Atlantic City Casino Loses Lawsuit Against Players
Back in April, a group of 14 gamblers had the day of their lives: they took the Golden Nugget Atlantic City for more than $1.5 million. Fairly, without cheating. To their horror, though, they found themselves sued by the casino and were still without $1 million of their winnings. Fast forward four months and a judge has sided with the players: the money is theirs.
April 30th appeared to be like any other day at the Golden Nugget. Some people won money, some people lost money, chips chattered, slot machines dinged and whistled. At one mini baccarat table, though, something strange began to happen. The players noticed a pattern in the cards that were being dealt. And this was no delusion; the players’ brains were not seeing patterns simply because they wanted to see them. There were real patterns making themselves evident. As such, the gamblers who had been putting down $10 a hand increased the stakes all the way to $5,000 a hand. Hand after hand, the players kept winning. Finally, after 41 consecutive hands during which time the players won over $1.5 million, the game was halted.
The casino was certain that it was being scammed. Floor managers, supervisors, and security officers watched, convinced that the players were cheating, but no evidence of any sort of scheme or cheating act could be found. Even so, according to Hua Shi, who was one of the lucky players, Golden Nugget employees woke him up while he was sleeping in his hotel room, pinned him against the wall, and searched his room. He claims he was detained in his room for eight hours without food, water, or an interpreter.
The card patterns were the result of unshuffled decks of cards. The Golden Nugget purchases its cards from Kansas City-based Gemaco, which, in its contract with the casino, agrees to pre-shuffle the cards so that they can be put into play without shuffling by the casino dealer. The decks of cards used at the mini baccarat table were not shuffled as promised.
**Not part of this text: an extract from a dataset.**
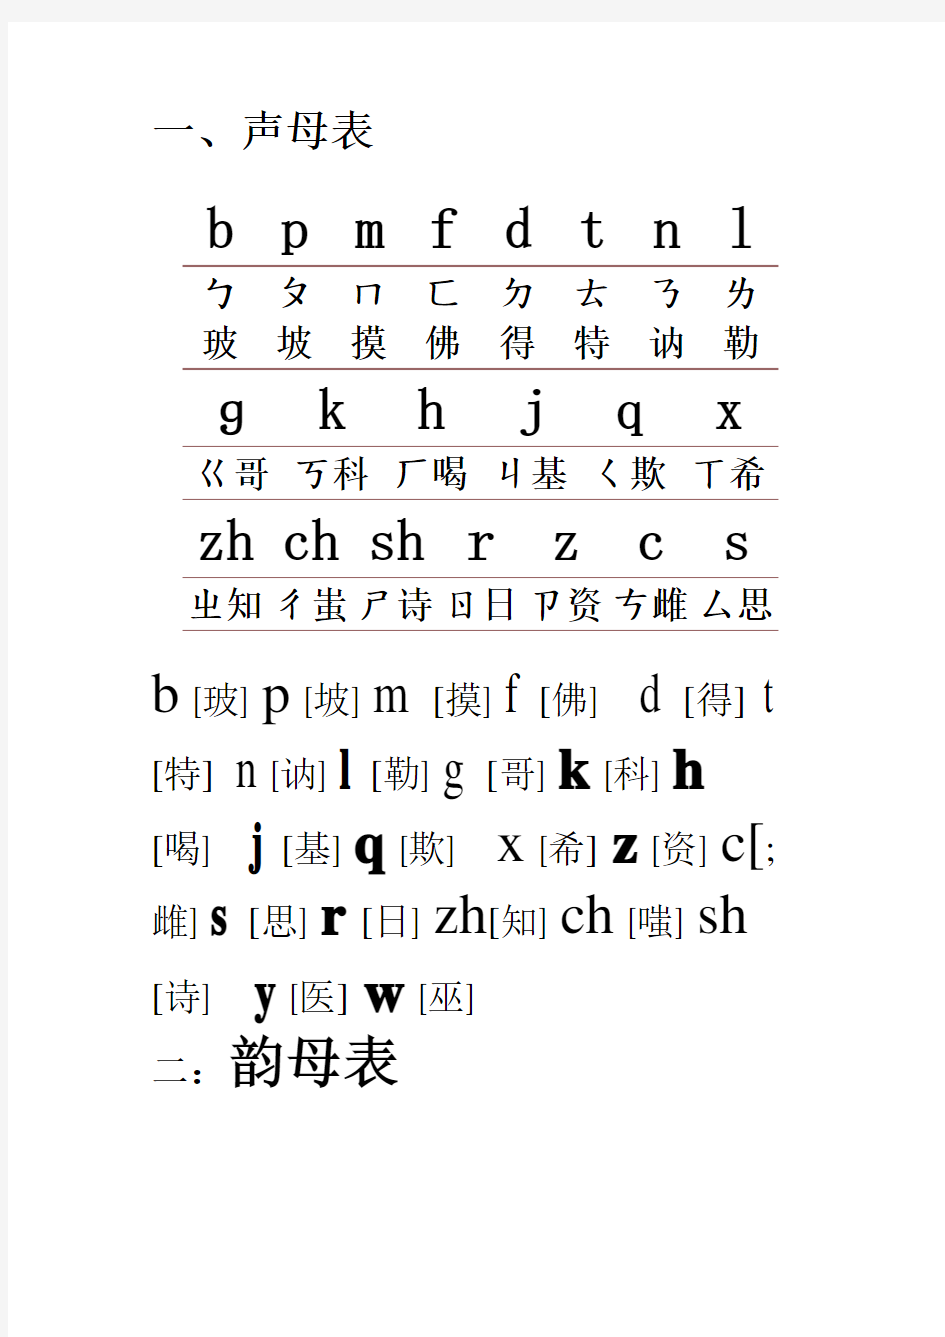 小学汉语拼音字母表-26个汉语拼音字母表新

Though the Golden Nugget staff failed to stop the game before the players won $1.5 and the casino admitted it could not find any cheating, it sued the players, anyway, as well as Gemaco. In April, nine players did cashout $558,900 from the game, but the other players did not immediately cash out the remaining $977,800. The Golden Nugget wanted the money it paid out returned and did not feel it had to pay the million that had yet to be redeemed, citing gambling regulations which require that games have fair odds to both the player and the house.
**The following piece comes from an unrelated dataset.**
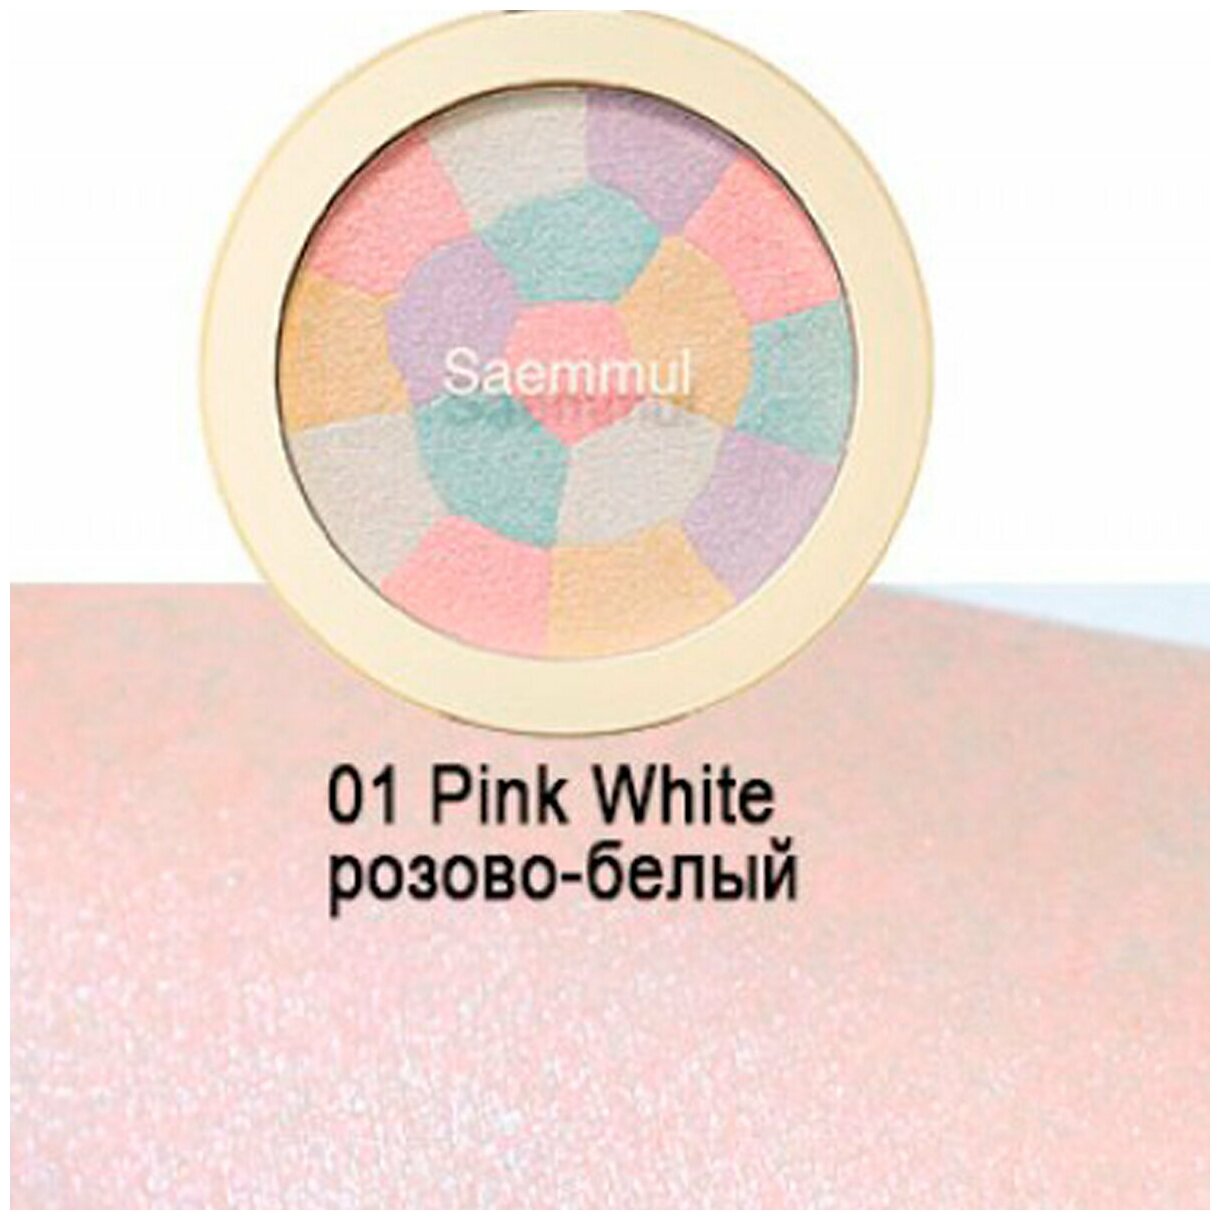 Хайлайтер для лица The Saem Saemmul Luminous Multi Highlighter 01 Pink White

Benjamin Dash, the gamblers’ attorney, begged to differ, saying, “The Golden Nugget appealed to gamblers to come in and play games licensed and sanctioned by the state of New Jersey. My clients did exactly that, and then were denied their winnings. There is absolutely no law in New Jersey that would permit the Golden Nugget to declare the game illegal because it failed to provide shuffled cards.”
Three of the players counter-sued the casino, saying they were being discriminated against because of their Asian ethnicity.
On September 1st, Judge James Isman agreed with the players. “There is no clear and convincing, real evidence that there were unlawful actions,” he said in the courtroom. “I don’t consider this to be a rigged game. There is no proof that the players obtained those chips unlawfully.”
He added that while the players took advantage of a noticeable pattern, they did not know that the pattern would continue, so they were still gambling. If the pattern ended, they would have lost.
Despite the ruling, the Golden Nugget’s lawyers were going to appeal. Casino owner Tilman Fertitta, however, said enough is enough. “Even though we can appeal the court’s ruling and take full advantage of the appellate process and legal system, and tie the matter up in litigation for a number of years, the Golden Nugget is a people business, and is prepared to allow the gamblers — most of whom continue to gamble at Golden Nugget — to realize the gambler’s dream of beating the house.”
There is a catch, though. Fertitta will only release the funds if both sides agree to drop all lawsuits against the other. It is unknown at this time if the players will agree to this condition.
In the meantime, the Golden Nugget will continue to go after Gemaco. “We have a company we can go back against that has admitted fault,” Fertitta said. “But that’s our problem.”
Interestingly, the decks of cards were not completely unshuffled. That is, the cards didn’t come out in a blatantly obvious order like A-2-3-4-5 suited, but rather a “predetermined pattern” that is known only to Gemaco.